:: Assignment ::
Copy the lines below word for word, skipping any image.

:: Exercise data ::
+++++

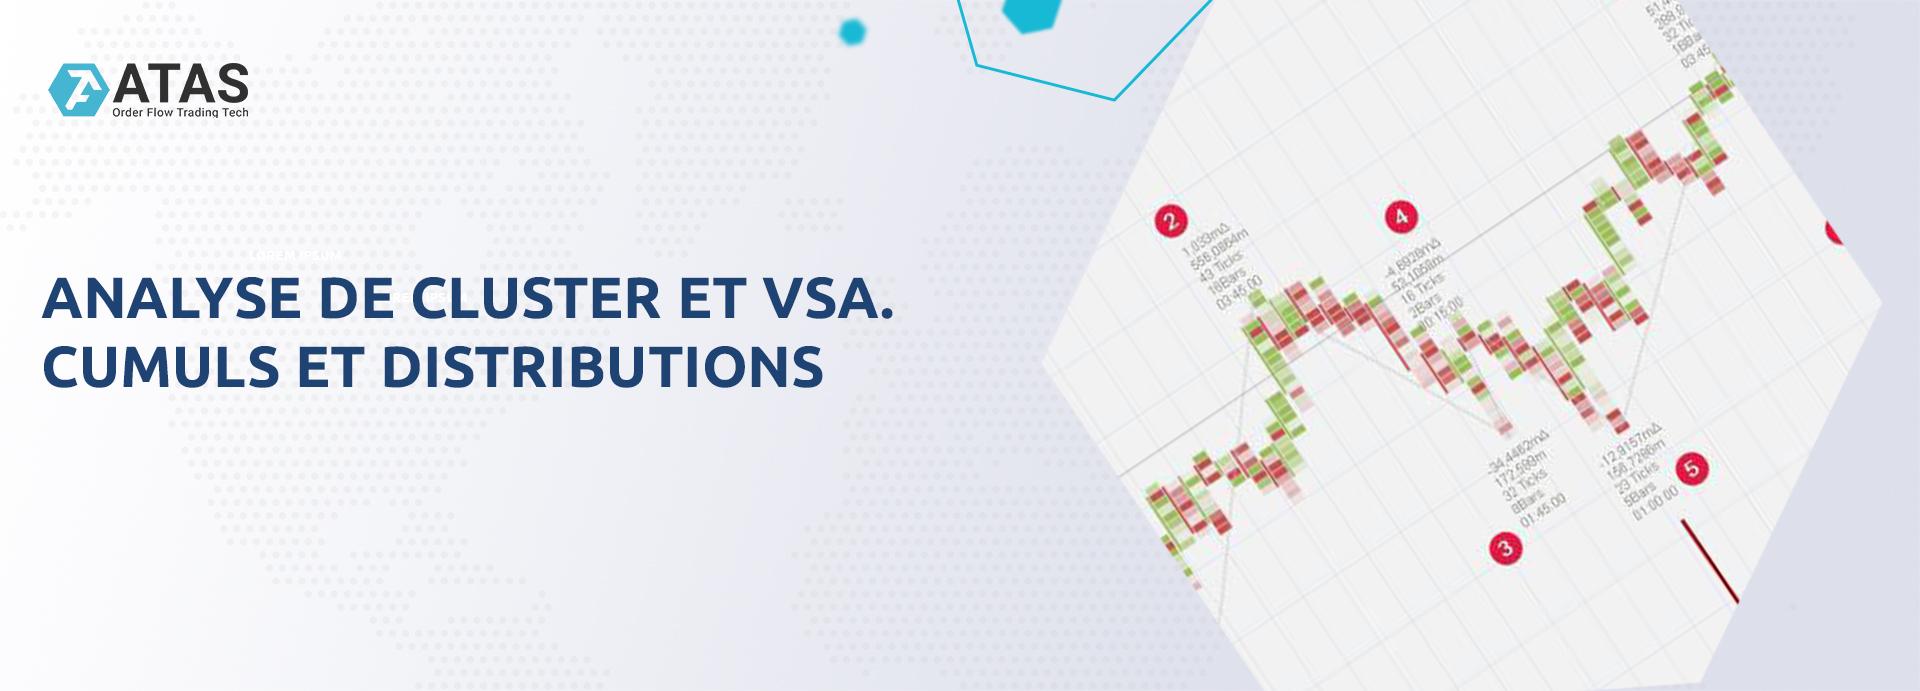 Analyse de cluster et VSA. Cumuls et distributions
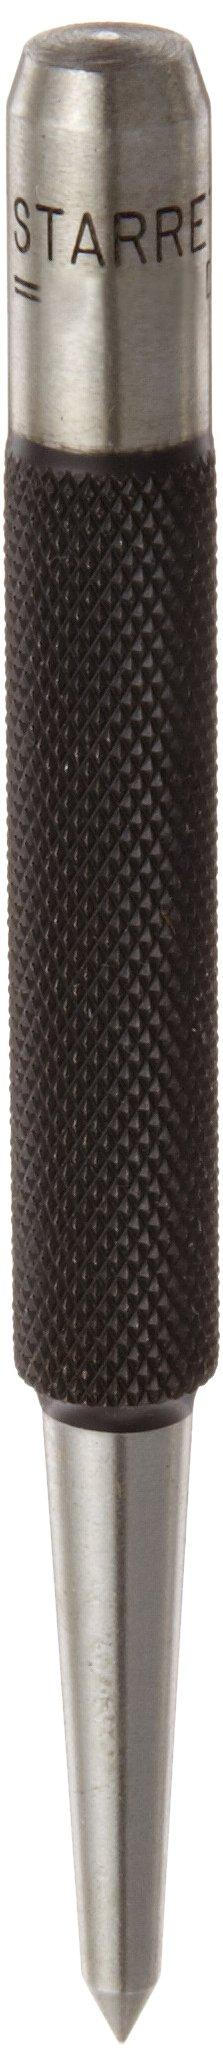 Starrett 816D Prick Punch, 4'' Length, 5/32'' Tapered Point Diameter
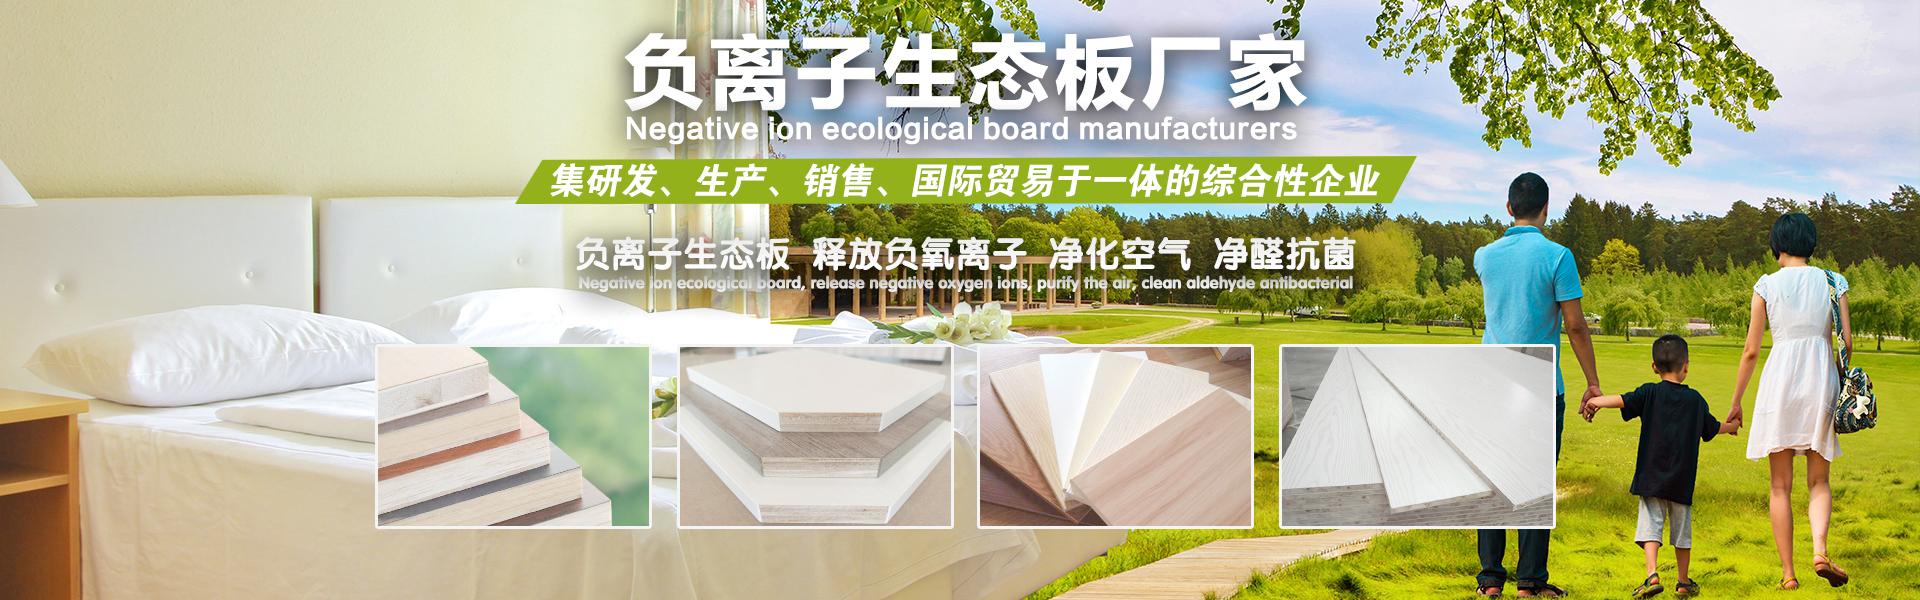 负离子生态板十大品牌
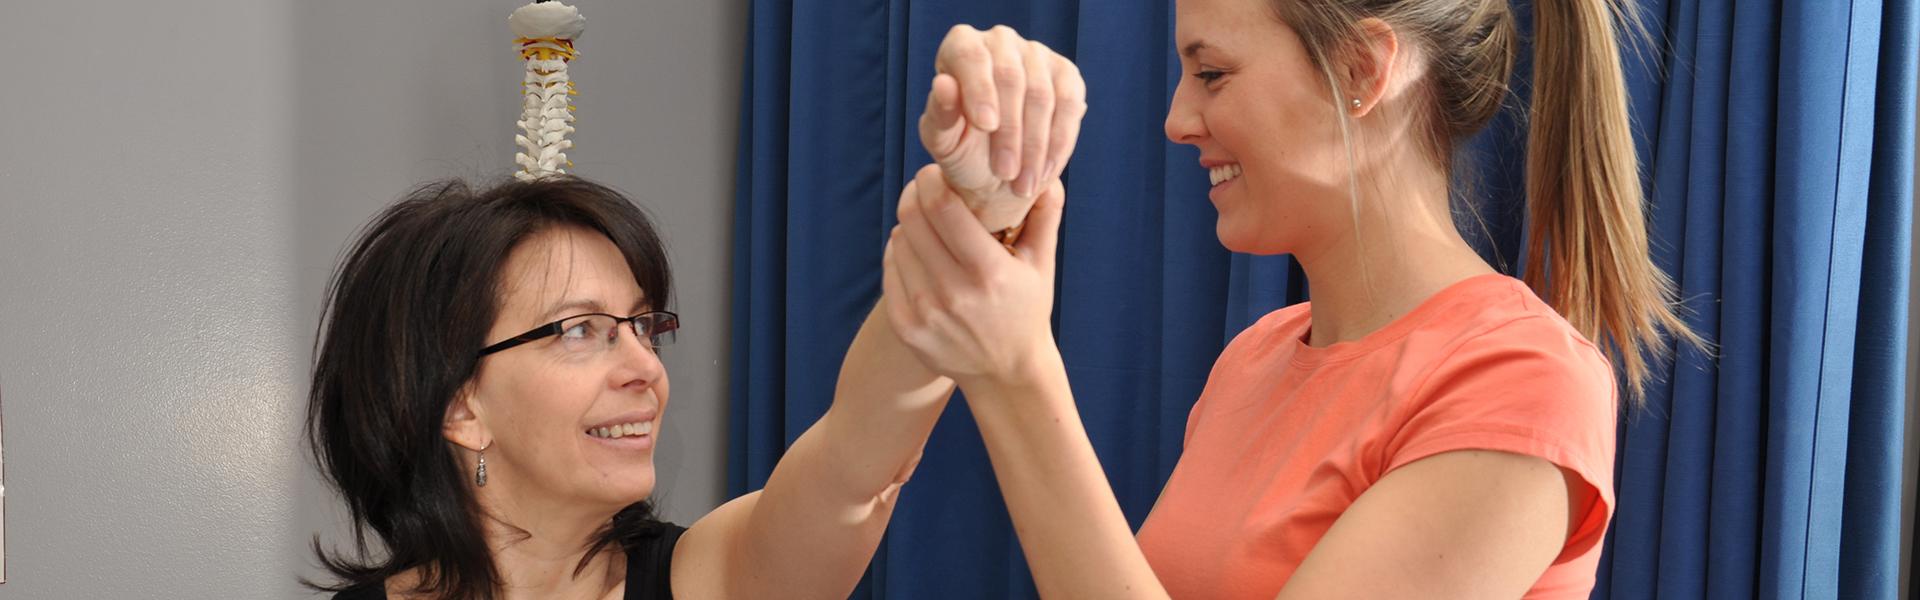 Étudiante et professeur en physiothérapie démontrant un exercice musculaire

+++++

:: Solved exercise ::
 Analyse de cluster et VSA. Cumuls et distributions
 Starrett 816D Prick Punch, 4'' Length, 5/32'' Tapered Point Diameter
 负离子生态板十大品牌
 Étudiante et professeur en physiothérapie démontrant un exercice musculaire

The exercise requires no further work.